* **YOUR ASSIGNMENT**
The answer must be a single number: how many lines in this listing hold the word "Blue".

* **RECORDS SUPPLIED**
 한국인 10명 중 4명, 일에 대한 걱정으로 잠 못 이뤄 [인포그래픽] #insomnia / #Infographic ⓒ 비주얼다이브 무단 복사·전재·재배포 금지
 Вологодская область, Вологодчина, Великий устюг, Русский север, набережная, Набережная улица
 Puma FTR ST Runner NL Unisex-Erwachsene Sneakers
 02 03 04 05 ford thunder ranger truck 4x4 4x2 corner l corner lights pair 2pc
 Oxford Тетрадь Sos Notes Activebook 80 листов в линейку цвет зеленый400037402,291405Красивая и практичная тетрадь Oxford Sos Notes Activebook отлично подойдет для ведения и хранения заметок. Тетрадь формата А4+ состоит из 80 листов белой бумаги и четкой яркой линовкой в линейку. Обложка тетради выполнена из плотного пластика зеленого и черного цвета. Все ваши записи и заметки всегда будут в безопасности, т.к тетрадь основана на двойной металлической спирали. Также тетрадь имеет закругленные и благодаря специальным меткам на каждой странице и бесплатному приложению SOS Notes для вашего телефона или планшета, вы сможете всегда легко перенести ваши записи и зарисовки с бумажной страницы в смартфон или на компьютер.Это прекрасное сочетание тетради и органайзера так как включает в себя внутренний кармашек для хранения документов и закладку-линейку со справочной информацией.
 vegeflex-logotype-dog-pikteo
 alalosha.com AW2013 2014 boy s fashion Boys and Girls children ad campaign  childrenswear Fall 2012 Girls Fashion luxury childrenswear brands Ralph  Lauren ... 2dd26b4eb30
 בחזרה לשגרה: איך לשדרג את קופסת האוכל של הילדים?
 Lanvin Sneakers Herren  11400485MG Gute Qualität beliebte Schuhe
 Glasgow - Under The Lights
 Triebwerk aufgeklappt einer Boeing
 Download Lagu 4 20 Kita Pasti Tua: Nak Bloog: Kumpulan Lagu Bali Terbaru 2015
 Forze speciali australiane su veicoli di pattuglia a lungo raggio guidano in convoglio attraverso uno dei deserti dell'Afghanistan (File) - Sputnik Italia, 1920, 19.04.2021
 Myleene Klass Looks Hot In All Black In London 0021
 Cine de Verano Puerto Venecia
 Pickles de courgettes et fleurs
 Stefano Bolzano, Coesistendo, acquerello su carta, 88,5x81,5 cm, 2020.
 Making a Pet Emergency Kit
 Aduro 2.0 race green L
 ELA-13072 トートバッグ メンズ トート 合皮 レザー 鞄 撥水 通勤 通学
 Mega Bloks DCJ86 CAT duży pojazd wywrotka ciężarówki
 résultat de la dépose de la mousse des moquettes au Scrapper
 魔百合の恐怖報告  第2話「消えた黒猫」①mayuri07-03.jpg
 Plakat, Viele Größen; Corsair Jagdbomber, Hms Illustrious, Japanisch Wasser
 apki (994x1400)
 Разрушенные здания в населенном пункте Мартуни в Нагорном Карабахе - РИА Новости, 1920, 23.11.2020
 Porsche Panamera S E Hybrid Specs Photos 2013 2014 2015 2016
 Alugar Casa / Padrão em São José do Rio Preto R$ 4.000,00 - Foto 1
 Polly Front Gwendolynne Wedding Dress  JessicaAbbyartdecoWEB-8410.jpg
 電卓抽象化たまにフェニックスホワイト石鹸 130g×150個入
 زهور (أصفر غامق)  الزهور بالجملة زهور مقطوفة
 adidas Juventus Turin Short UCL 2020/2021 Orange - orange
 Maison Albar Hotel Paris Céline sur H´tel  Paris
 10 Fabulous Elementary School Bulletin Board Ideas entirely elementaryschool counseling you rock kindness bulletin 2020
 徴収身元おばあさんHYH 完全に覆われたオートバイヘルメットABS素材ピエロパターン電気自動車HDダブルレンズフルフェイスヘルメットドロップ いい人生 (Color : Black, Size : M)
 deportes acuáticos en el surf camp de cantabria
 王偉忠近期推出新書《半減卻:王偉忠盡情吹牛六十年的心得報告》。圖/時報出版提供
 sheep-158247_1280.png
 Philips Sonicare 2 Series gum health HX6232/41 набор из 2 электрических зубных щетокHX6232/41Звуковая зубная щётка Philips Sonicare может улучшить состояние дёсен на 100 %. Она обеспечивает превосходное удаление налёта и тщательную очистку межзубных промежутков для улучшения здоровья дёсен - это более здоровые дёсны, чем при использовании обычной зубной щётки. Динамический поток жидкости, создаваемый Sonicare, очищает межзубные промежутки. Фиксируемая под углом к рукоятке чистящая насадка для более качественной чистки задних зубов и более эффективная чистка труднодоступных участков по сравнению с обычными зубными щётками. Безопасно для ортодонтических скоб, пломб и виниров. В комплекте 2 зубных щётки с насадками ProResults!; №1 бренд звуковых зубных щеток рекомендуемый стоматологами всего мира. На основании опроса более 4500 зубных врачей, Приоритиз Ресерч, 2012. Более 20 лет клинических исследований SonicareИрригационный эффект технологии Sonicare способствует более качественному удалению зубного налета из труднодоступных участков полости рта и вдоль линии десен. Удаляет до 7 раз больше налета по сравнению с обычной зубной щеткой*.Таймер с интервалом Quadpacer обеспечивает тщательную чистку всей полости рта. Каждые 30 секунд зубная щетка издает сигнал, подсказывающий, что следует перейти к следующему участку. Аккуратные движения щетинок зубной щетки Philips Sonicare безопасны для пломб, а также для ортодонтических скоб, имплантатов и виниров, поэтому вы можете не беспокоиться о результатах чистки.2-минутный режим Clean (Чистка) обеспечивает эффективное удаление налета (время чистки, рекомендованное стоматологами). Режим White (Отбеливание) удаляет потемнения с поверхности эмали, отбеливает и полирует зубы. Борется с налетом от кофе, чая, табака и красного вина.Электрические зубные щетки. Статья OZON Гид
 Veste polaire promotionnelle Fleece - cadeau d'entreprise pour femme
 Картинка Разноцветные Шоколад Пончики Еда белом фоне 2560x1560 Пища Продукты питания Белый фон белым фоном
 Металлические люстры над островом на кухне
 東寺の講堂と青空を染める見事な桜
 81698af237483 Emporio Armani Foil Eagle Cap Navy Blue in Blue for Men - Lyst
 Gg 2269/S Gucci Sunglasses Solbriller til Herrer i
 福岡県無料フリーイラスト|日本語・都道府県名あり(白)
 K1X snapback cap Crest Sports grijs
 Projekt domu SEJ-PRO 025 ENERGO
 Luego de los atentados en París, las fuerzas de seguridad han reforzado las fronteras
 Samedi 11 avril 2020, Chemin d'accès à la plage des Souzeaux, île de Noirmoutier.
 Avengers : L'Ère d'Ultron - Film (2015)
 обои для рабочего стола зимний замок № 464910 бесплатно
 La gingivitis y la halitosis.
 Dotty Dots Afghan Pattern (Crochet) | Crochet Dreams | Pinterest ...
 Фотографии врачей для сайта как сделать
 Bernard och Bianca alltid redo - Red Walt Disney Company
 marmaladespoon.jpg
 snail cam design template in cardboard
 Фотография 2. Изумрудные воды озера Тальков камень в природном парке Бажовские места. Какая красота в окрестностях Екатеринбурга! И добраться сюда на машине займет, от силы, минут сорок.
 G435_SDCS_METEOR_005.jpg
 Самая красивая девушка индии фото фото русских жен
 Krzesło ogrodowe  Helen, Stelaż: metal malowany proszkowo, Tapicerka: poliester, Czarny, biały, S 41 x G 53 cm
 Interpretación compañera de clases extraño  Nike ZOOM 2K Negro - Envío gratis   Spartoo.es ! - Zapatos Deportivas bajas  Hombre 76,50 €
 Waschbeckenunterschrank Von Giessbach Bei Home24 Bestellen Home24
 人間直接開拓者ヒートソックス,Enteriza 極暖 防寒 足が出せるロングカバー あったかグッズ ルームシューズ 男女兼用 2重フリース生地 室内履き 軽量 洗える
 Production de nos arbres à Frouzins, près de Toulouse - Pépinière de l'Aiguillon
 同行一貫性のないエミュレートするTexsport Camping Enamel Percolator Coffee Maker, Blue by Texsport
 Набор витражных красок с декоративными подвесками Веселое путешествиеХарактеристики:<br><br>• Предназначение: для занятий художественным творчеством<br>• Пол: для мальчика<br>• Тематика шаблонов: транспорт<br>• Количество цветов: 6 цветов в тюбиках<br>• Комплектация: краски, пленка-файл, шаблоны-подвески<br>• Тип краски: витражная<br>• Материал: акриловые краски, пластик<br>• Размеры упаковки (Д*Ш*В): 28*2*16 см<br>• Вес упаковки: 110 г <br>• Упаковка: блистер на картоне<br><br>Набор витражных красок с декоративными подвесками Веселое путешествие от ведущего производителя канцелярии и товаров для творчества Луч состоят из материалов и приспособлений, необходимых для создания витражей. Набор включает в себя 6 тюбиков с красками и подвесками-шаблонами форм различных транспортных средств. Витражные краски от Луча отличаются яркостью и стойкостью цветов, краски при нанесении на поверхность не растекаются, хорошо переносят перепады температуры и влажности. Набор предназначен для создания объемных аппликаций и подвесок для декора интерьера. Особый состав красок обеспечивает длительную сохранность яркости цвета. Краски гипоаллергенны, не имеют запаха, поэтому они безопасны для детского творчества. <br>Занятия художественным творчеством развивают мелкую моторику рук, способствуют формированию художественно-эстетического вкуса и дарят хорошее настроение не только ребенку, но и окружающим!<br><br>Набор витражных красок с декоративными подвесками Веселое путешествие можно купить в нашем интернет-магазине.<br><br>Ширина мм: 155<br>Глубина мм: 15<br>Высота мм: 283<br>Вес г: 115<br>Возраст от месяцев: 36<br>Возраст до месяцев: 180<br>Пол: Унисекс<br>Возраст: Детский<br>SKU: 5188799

* **ANSWER TO THIS TASK**
2